🤖 AI Summary
Conventional CNNs suffer from high computational cost and energy consumption, hindering their deployment on resource-constrained edge devices. Method: This work investigates the joint impact of embedding signal-processing transforms—specifically Fast Fourier Transform (FFT), Walsh–Hadamard Transform (WHT), and Discrete Cosine Transform (DCT)—into ResNet50, with a focus on computational efficiency, energy consumption, and classification accuracy. We propose a novel multi-layer collaborative embedding paradigm for WHT within CNNs—the first systematic exploration of its cross-layer synergistic gain mechanism. Contribution/Results: Evaluated on CIFAR-100 using a unified energy–accuracy assessment framework, the WHT-enhanced ResNet50 achieves a significant accuracy improvement—from 66.0% to 79.2%—while reducing average per-model energy consumption from 25.6 MJ to 39 kJ (>99.8% reduction).
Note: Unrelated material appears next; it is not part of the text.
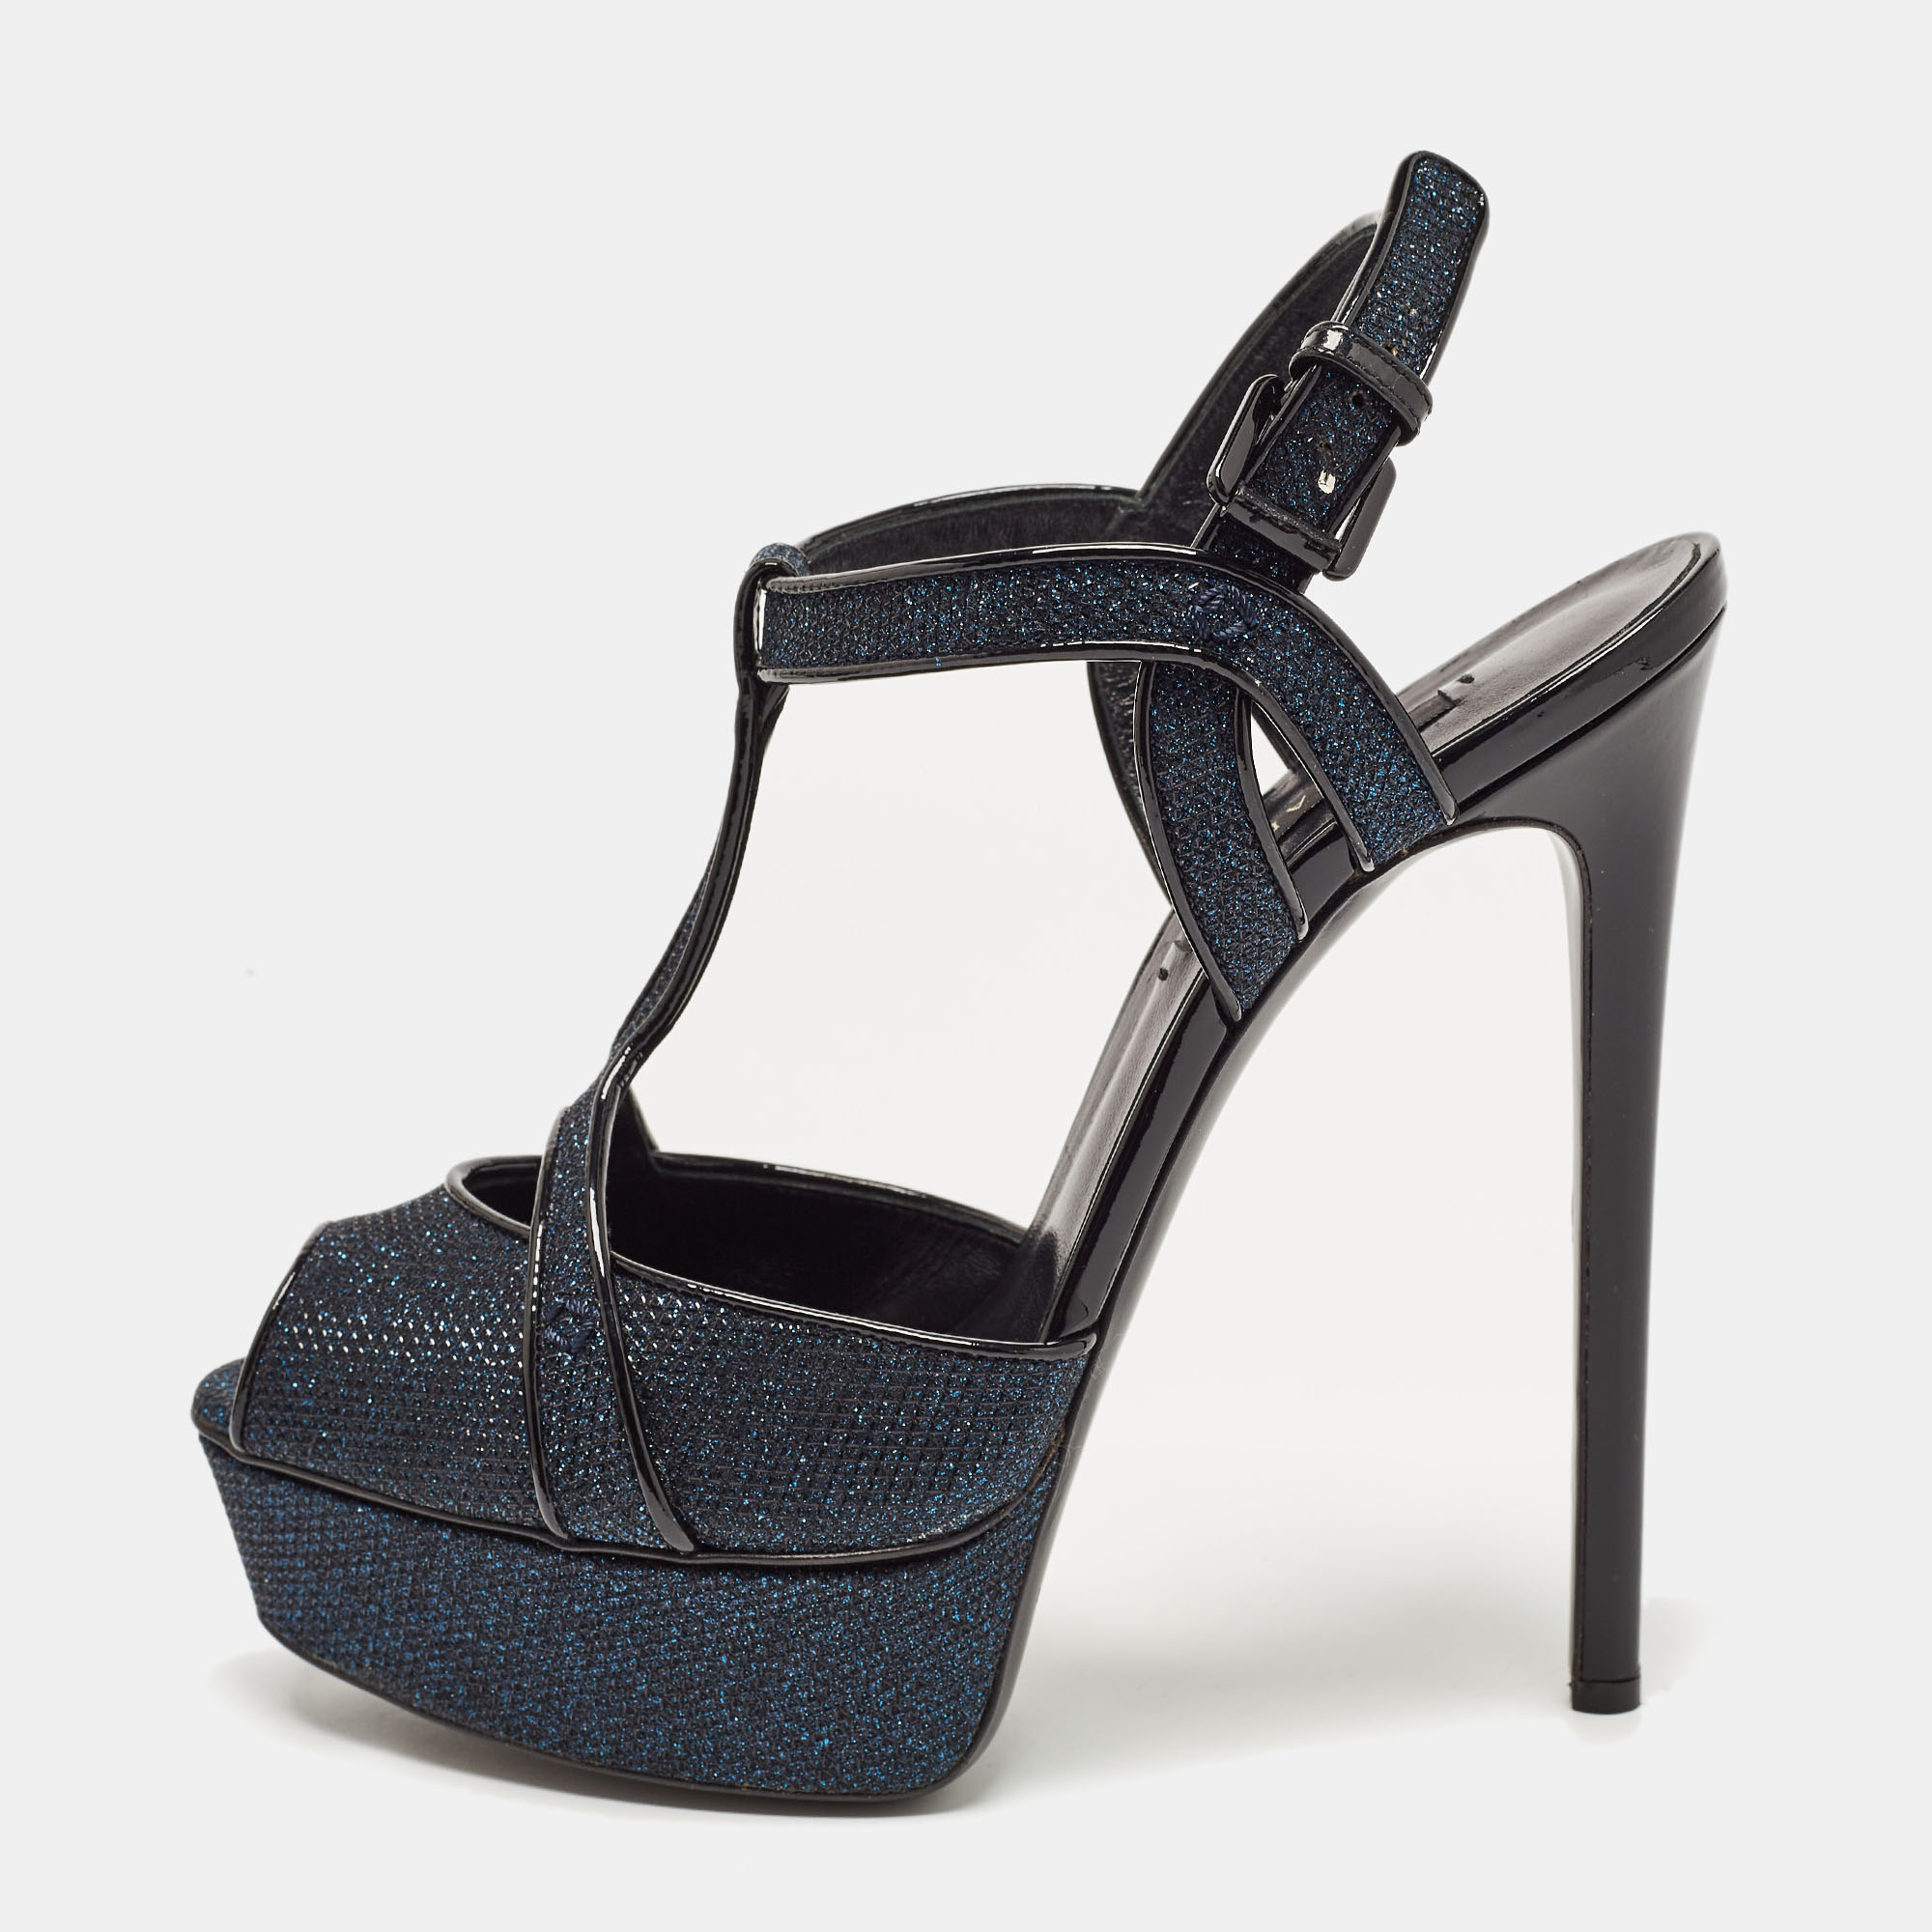 Casadei navy blue/black glitter and patent leather platform sandals size 40

Crucially, this approach preserves architectural compatibility with standard ResNet50, enabling a breakthrough trade-off between high accuracy and ultra-low power consumption, thereby offering a scalable pathway for efficient edge vision model design.
📝 Abstract
This study investigates the integration of signal processing transformations -- Fast Fourier Transform (FFT), Walsh-Hadamard Transform (WHT), and Discrete Cosine Transform (DCT) -- within the ResNet50 convolutional neural network (CNN) model for image classification. The primary objective is to assess the trade-offs between computational efficiency, energy consumption, and classification accuracy during training and inference. Using the CIFAR-100 dataset (100 classes, 60,000 images), experiments demonstrated that incorporating WHT significantly reduced energy consumption while improving accuracy. Specifically, a baseline ResNet50 model achieved a testing accuracy of 66%, consuming an average of 25,606 kJ per model. In contrast, a modified ResNet50 incorporating WHT in the early convolutional layers achieved 74% accuracy, and an enhanced version with WHT applied to both early and late layers achieved 79% accuracy, with an average energy consumption of only 39 kJ per model. These results demonstrate the potential of WHT as a highly efficient and effective approach for energy-constrained CNN applications.